Very well stated, thank you.

Just because Subaru gives IMBA money as a supporter to enhance the Subaru image, IMBA is not an image consultant to Subaru. See Mark E's post above; IMBA was not even told about the ad.


----------



## redriderbb (Aug 30, 2005)

*Let's see if I can make this work...*

Okay here in lies the issue. IMBA is a corporation, it's good, I should hope the group representing our interest is big enough to be one. However, once you are that size your ability to control and market your "brand and message" are dramaticly lost. I am a very small operation and have much more control over marketing, but have felt the pull of "brand loss". I love how zrm connected the "mountain dew" image issue to the "mud" issue. It is like as mountain bikers we have all lost OUR ability to control OUR image.

This is getting a bit deeper than I expected. So here is the question...what are we, as mountain bikers...? This may be fun, and the weather here really sucks today.

Personally, I think ALL mountain bikers are closet mountain dew and mudders, but we are part of the "educated lot" in this discussion. I understand if people will fear putting what they really think, but try. So, my revised vision would be "Mountain Bikers benefit their lives by sharing a communal bond with the love of dirt and nature, that MOST people on the street do not." Makes us a bit unique, we have a passion, from a marketing perspectie unique is good.
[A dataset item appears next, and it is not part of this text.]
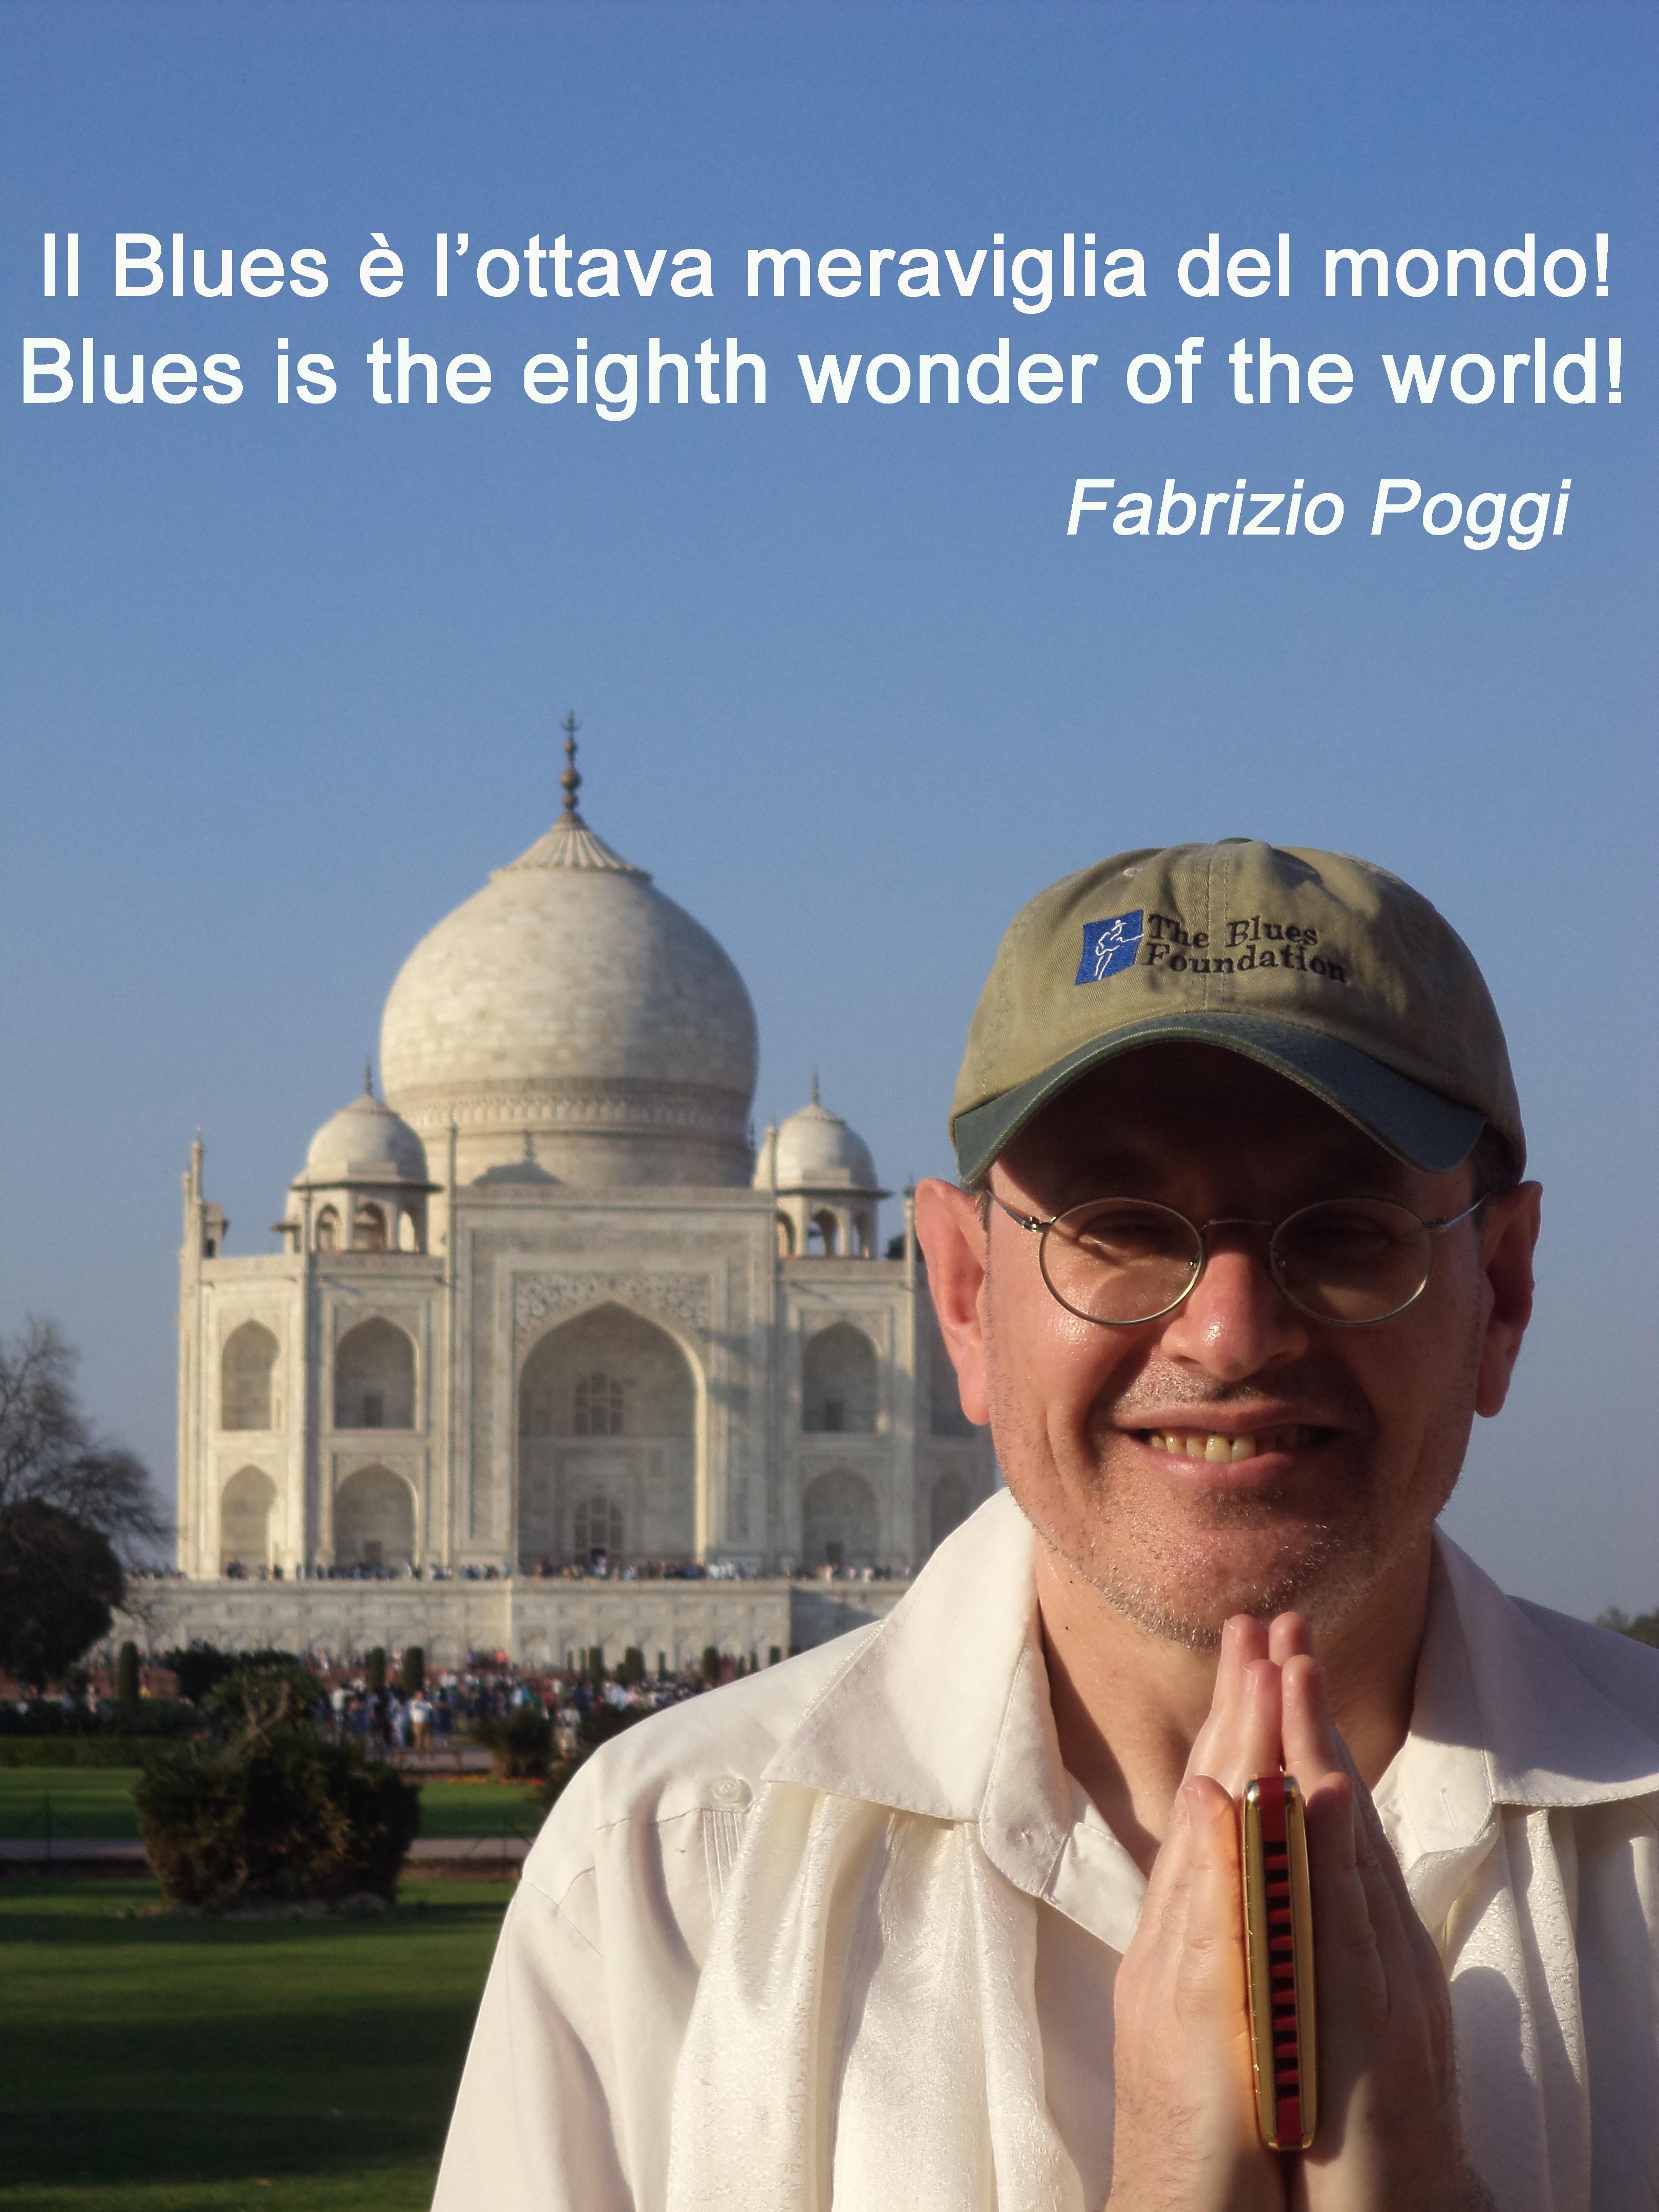 IL BLUES E\' L\'OTTAVA MERAVIGLIA DEL MONDO BLUES IS THE EIGHTH WONDER OF THE WORLD Fabrizio Poggi

I guess this is where the phrase "tragicly hip" came from...


----------



## bsieb (Aug 23, 2003)

I don't see this issue as being about the morality of riding in mud, it's about the image chosen to represent mountain biking to the general (or otherwise) public. If IMBA's brand is on it then it's also representing IMBA, whether IMBA had a choice in it or not, and regardless of the politics, foresightedness, or competency of the employee (s) involved. It is unfortunate in that it reinforces a stereotype that many of us who manage trails are trying change. It is also an example of how you get twisted into something else when you suck a corporate tit.


----------



## thefriar (Jan 23, 2008)

bsieb said:


> It is unfortunate in that it reinforces a stereotype that many of us who manage trails are trying change.


Too true. Its hard to say MTB has the same impact or less than ____ when the Land Manager or other stakeholders only have to step into the park a short ways and see tire tracks on muddy days. Throw in these adverts and they think that's how we all think and want to be.

We had a bit of a tiff in our area recently with an internet riding group who espoused on their website being "real" mountain bikers b/c they rode in all conditions, regardless of whether or not the trails were in good condition. They become so beligerant that not only were the authorities considering closing a great riding spot to mountain biking, but legal action was being contemplated against the site organizers. They've changed their tune but I don't think they understand or worse care that some areas just aren't built for and can't handle riding in the rain or after the rain.

Where I pitch in, we have to deal with legacy trails that aren't sustainable. That means most TM is focused on armoring, knicking, rolling grade dipping, and re-routing trail. Once we're done we leave behind a hardened, packed, and sustainable tread that can be ridden in, or hours after, a decent rain.

We just have 10 miles of trail to repair though...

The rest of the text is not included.